I TOOK SOME TIME OFF OVER THE SUMMER, away from data visualizations. It’s good to get away from time to time, but oh boy did I miss out.
I wasn’t gone long, but in the short time I was gone people came up with some wonderful things.
Let me dive back into it with some joyful dataviz.
Claus Wilke (Twitter) authored a new R package for creating joy plots ( LINK for ggjoy vignette). See also this post from Revolution Analytics with some other joyplot examples and some more background. Let’s try them out.
As David Smith over at Revolution Analytics points out, the plots can obscure some data. Nevertheless I find them evocative enough that some data obfuscation might be worth the interest they create. I dunno, let’s try it out.
We’ll pick up with a data frame called
df.metro that looks like so:
The variable hpi is the house price index (normalized so that January 2000 = 100). The variables
hpa12 are the one-month and 12-month percent changes in the house price index.

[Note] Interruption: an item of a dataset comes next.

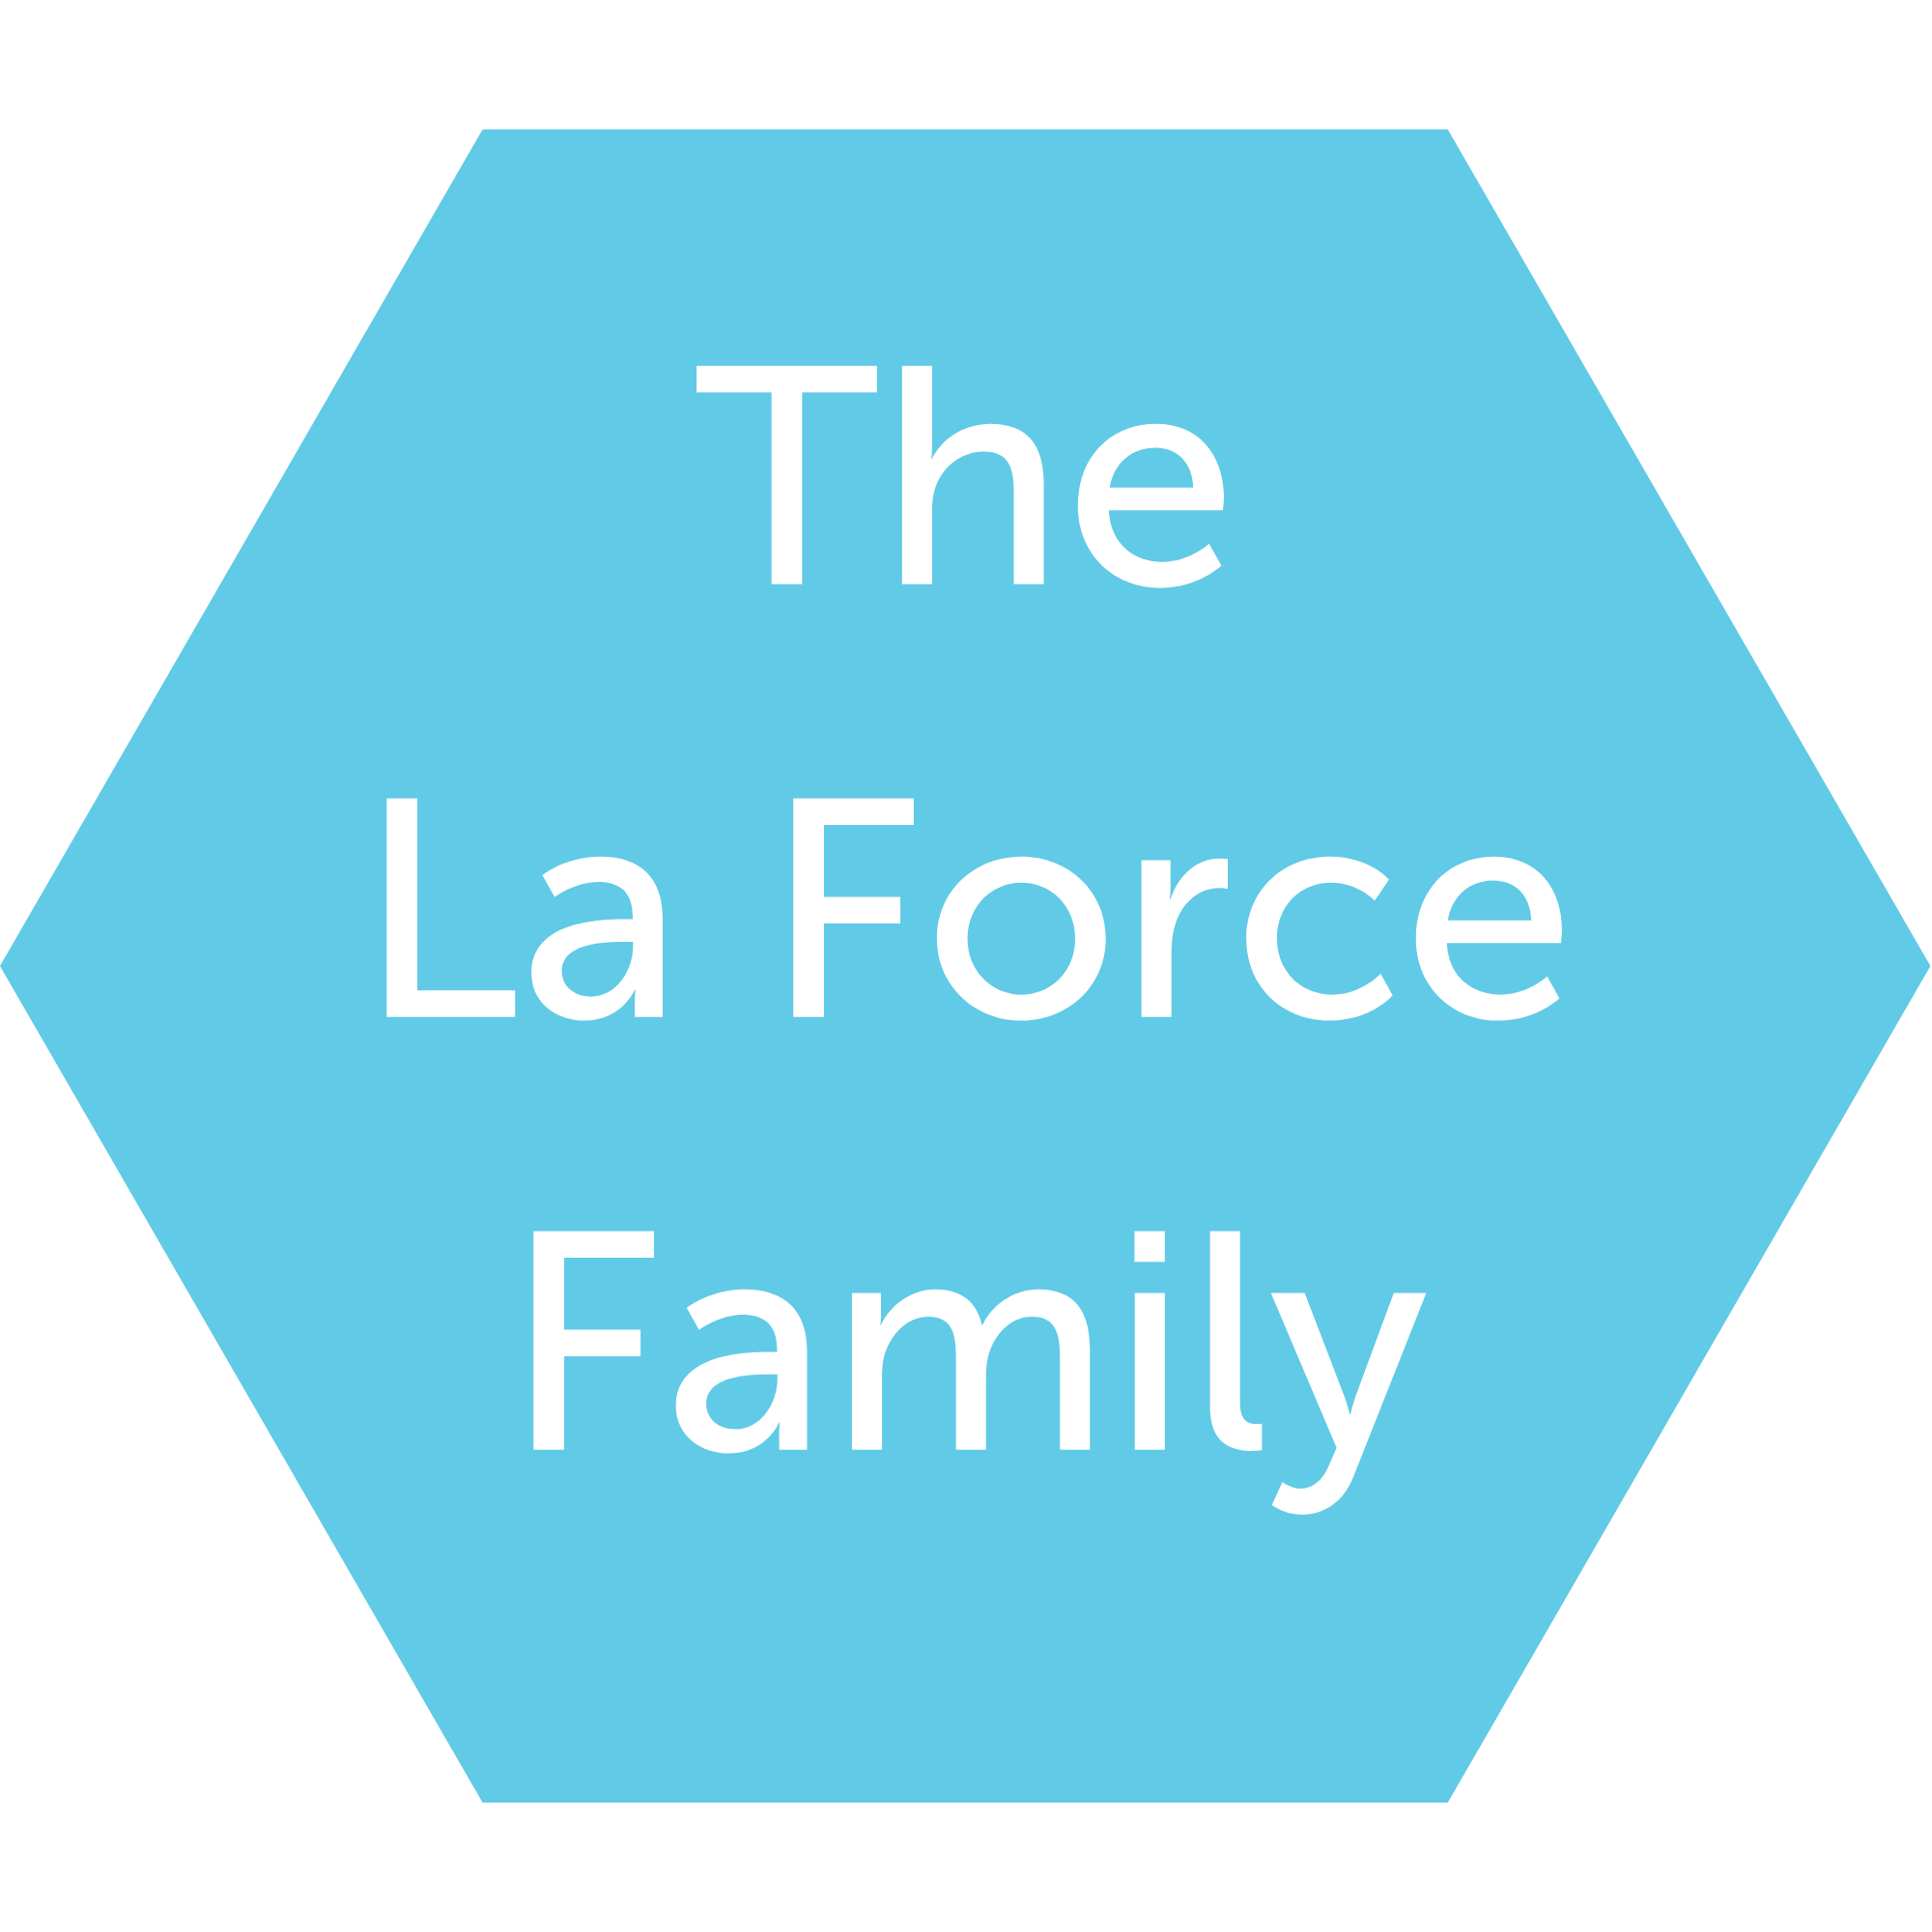 The La Force Family

The other variables tell us the date, the metro name (
geo), the primary state for the metro area, the year and the month.
Let’s construct a joyplot showing how the 12-month appreciation in house prices varies across metro areas by year.
This plot shows the time series history of metro house price appreciation. We can see the wide dispersion during the housing bust, when some metros saw house prices decline by more than 20 percent annually.
Let’s look compare the distributions across two large states, metros in California and metros in Texas.
We can see that while Texas house prices held up pretty well during the Great Recession, many California markets saw big declines. Since then, California has rebounded and in recent years California metros have had faster house price growth than Texas metros.
How about that crazy plot?
In my first plot, I intentionally left off the labels. But it’s just the CA vs TX plot above with all 50 states + D.C. included. Let’s recreate it with a few labels.
I think joyplots work well if there are some important differences across groups. For example, I think they work to highlight seasonal patterns. The graph below shows monthly existing home sales, not seasonally adjusted.
Is it useful?
Joyplots certainly are useful insofar as they make an impression. Other chart types are probably better for many applications. For example, if you really want to compare distributions good old boxplots are hard to beat unless you have a very odd distribution.
But without a doubt, making joyplots is a joyful exercise. And when is joy not useful?
Don’t discount the importance of being able to resonate with your intended audience. It might well be worth it to sacrifice some clarity if it buys us joy.